これを利用してプログラムを止めずにテーブル化をさせることができます。

覚えること
  1. 既にテーブル化しているところを再度テーブル化するとエラーでプログラムが止まる。

  2. テーブル化しているかどうかは
    If テーブルオブジェクト Is Nothing Then
    の条件式で判断させる。

こんにちは、hokkyokunです。

テーブルは便利なんですが、テーブルじゃない方が都合がいい場合もあるかと思います。
そんなときはテーブル化したり、解除したりして使い分けることもあると思いますが、
注意が必要です。

テーブルは既にテーブル化しているところは再度テーブル化するとエラーが起こります。
そのため、今どういう状態なのかを事前にチェックすることが重要となってきます。

チェック方法をご紹介します。
やってみましょう!

既にテーブル化しているところを再度テーブル化すると・・・

下記の表で既にテーブル化しているところをテーブル化してみます。

Sub テーブル化している場所を再度テーブル化()

ActiveSheet.ListObjects.Add , ActiveSheet.Range("A1").CurrentRegion, , xlYes

End Sub

エラーが生じます。
既にテーブル化しているので、再度テーブル化を命令すると止まってしまいました。

テーブル化しているかどうかチェックする方法

結論いいますと、

テーブルがNothingかどうかをチェックする

です。

具体的にどうことかを説明すると、

  1. 既にテーブル化されている場合
  2. テーブル化されていない場合

に分けて下記のプログラムを動かしてみます。
どのような状態になるか見ていきたいと思います。

Sub テーブル化されているかどうかチェック()

Dim table As ListObject
Set table = ActiveSheet.Range("A1").ListObject

If table Is Nothing Then
    MsgBox ("テーブル化されていません")
Else
    MsgBox ("テーブル化されています。
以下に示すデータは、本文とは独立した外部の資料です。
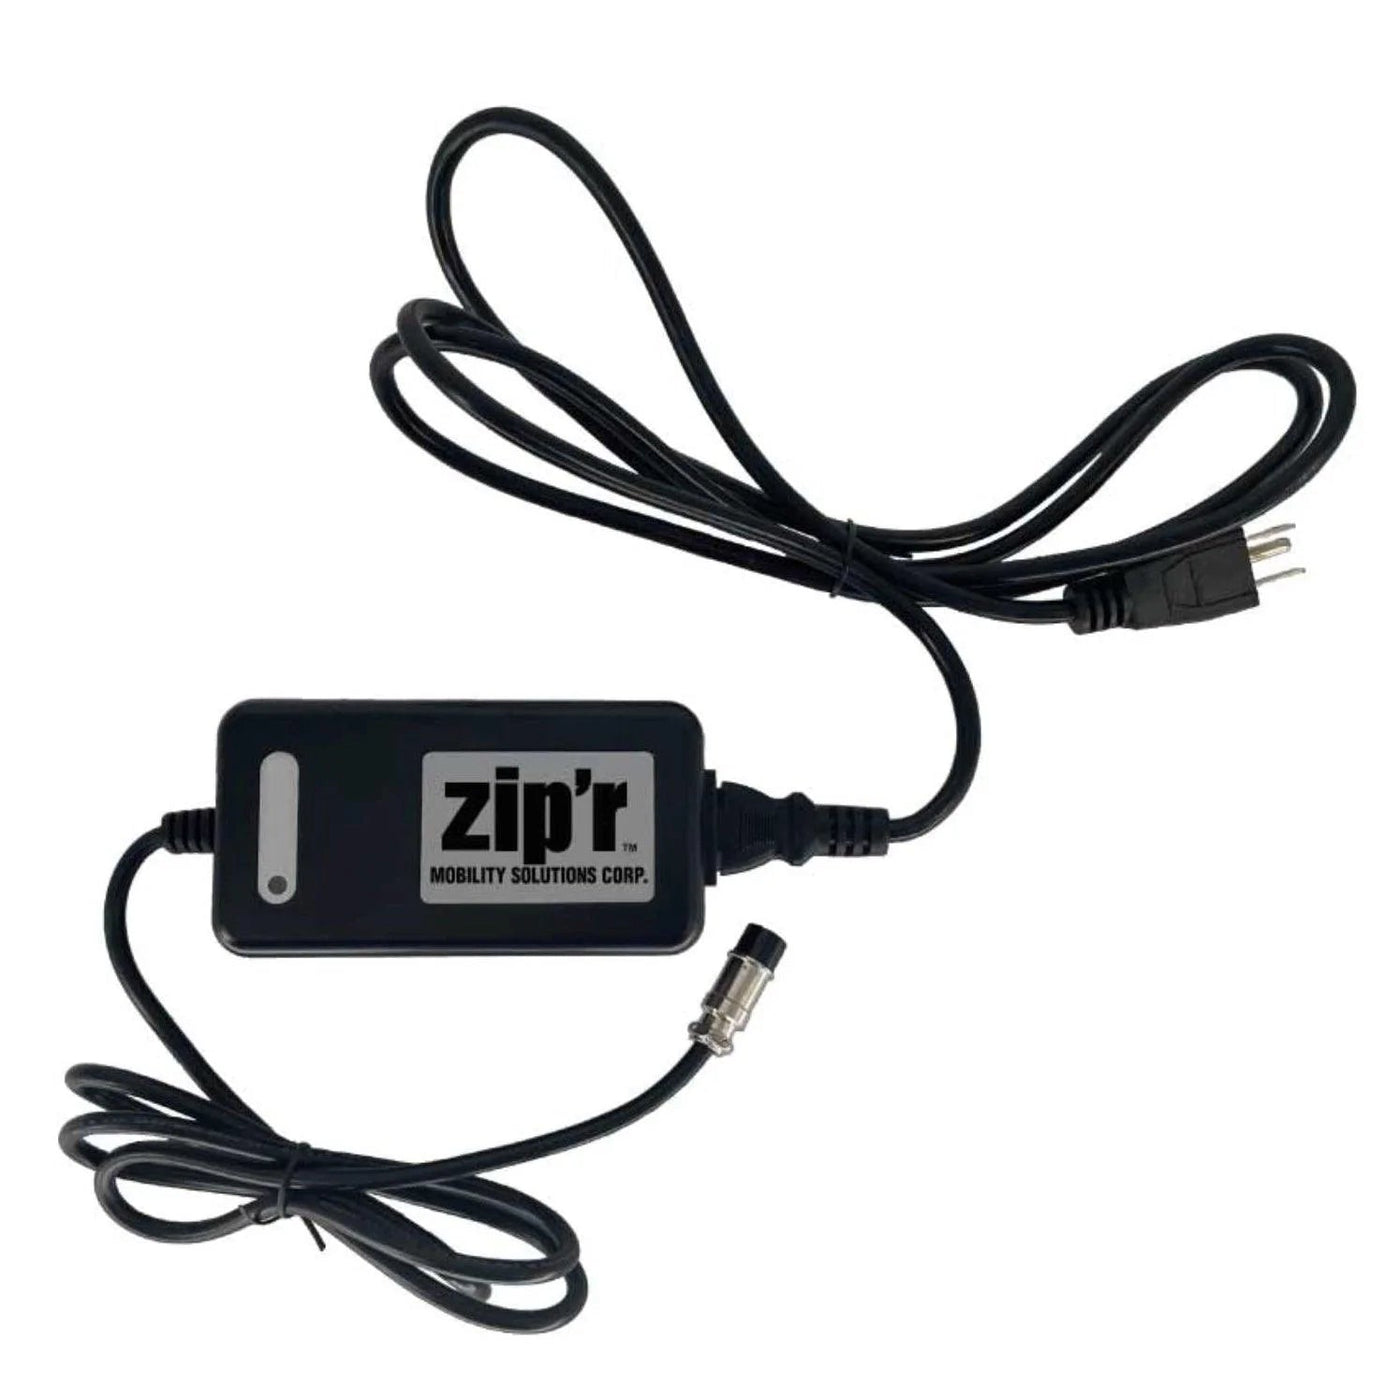 Zip'r Charger for Zip'r Roo Mobility Scooters-24V 2-AMP - eBike Haul

" & vbCrLf & _
            "テーブル名は " & table.Name & " です。")
End If

End Sub

①既にテーブル化されている場合

プログラムを動かすと
既にテーブル化されているので、IF文はElseの方を動かし、
止まらずに処理できました。

②テーブル化を解除してやってみると

テーブル化していないので、IF文のTrueのほうを処理しました。

テーブル化していないところを変数に入れるとNothingが返ってくる

どうしてこんなことになるのかというと

  1. テーブルオブジェクトをセルの位置で指定し、
  2. そこをオブジェクト変数に代入すると
  3. (テーブル化していない場合、)Nothingが返ってくる

からです。

つまり

テーブル化していない=オブジェクト変数がNothingになる

という構図が成り立ち、

Nothingかどうかをif文で判断させている
というわけです。

テーブル化していようがしていまいが、止まらずにオブジェクト変数に格納する方法

上記の方法を応用すれば、テーブル化していようがしていまいが、
処理をとめずにオブジェクト変数に入れて、処理をすることが可能となります。

上記と同様に

  1. テーブル化されている場合
  2. テーブル化していない場合

で処理を見ていきましょう。
プログラムは以下のようになります。

Sub テーブル化して処理()

Dim table As ListObject

If ActiveSheet.Range("A1").ListObject Is Nothing Then
    ActiveSheet.ListObjects.Add(, ActiveSheet.Range("A1").CurrentRegion, , xlYes).Name = "果物お買い物リスト"
End If

Set table = ActiveSheet.Range("A1").ListObject

MsgBox ("オブジェクト変数tableのテーブル名は: " & table.Name & vbCrLf & _
        "オブジェクト変数tableの範囲は: " & table.Range.Address)

End Sub

※上記はコード数を減らすためにオブジェクト変数に入れる前にIF文でNothingかどうかを判断しています。

気持ち悪ければ下記のプログラムを使用してください。

Sub テーブル化して処理()

Dim table As ListObject
Set table = ActiveSheet.Range("A1").ListObject

If table Is Nothing Then
    ActiveSheet.ListObjects.Add(, ActiveSheet.Range("A1").CurrentRegion, , xlYes).Name = "果物お買い物リスト"
    Set table = ActiveSheet.Range("A1").ListObject
End If

MsgBox ("オブジェクト変数tableのテーブル名は: " & table.Name & vbCrLf & _
        "オブジェクト変数tableの範囲は: " & table.Range.Address)

End Sub

①テーブル化されている場合

下記のように既にテーブル化されています。

このような状態でプログラムを動かしてみます。

エラーが生じず、テーブルもしっかり維持されています。

②テーブル化していない場合

こんな感じでただの表があります。
これをテーブル化してみましょう。

プログラムを動かすと、
こんな感じでテーブル化できました。

まとめ

テーブル化しているところをさらにテーブル化するとエラーになる。

エラーを回避するためには
テーブルオブジェクトをオブジェクト変数に格納して
Nothingになるかどうか判断する。

構文は:



If テーブルオブジェクト Is Nothing Then
    ActiveSheet.ListObjects.Add , ActiveSheet.Range("A1").CurrentRegion, , xlYes
End If

テーブルを使う際、
特にテーブル化したり、解除したりスイッチングをする場合なんかは重宝すると思います。

テーブルは面倒な処理も増えますが、
それを補ってあまりあるくらいメリットを含んでいるので、是非使ってください。

ではでは。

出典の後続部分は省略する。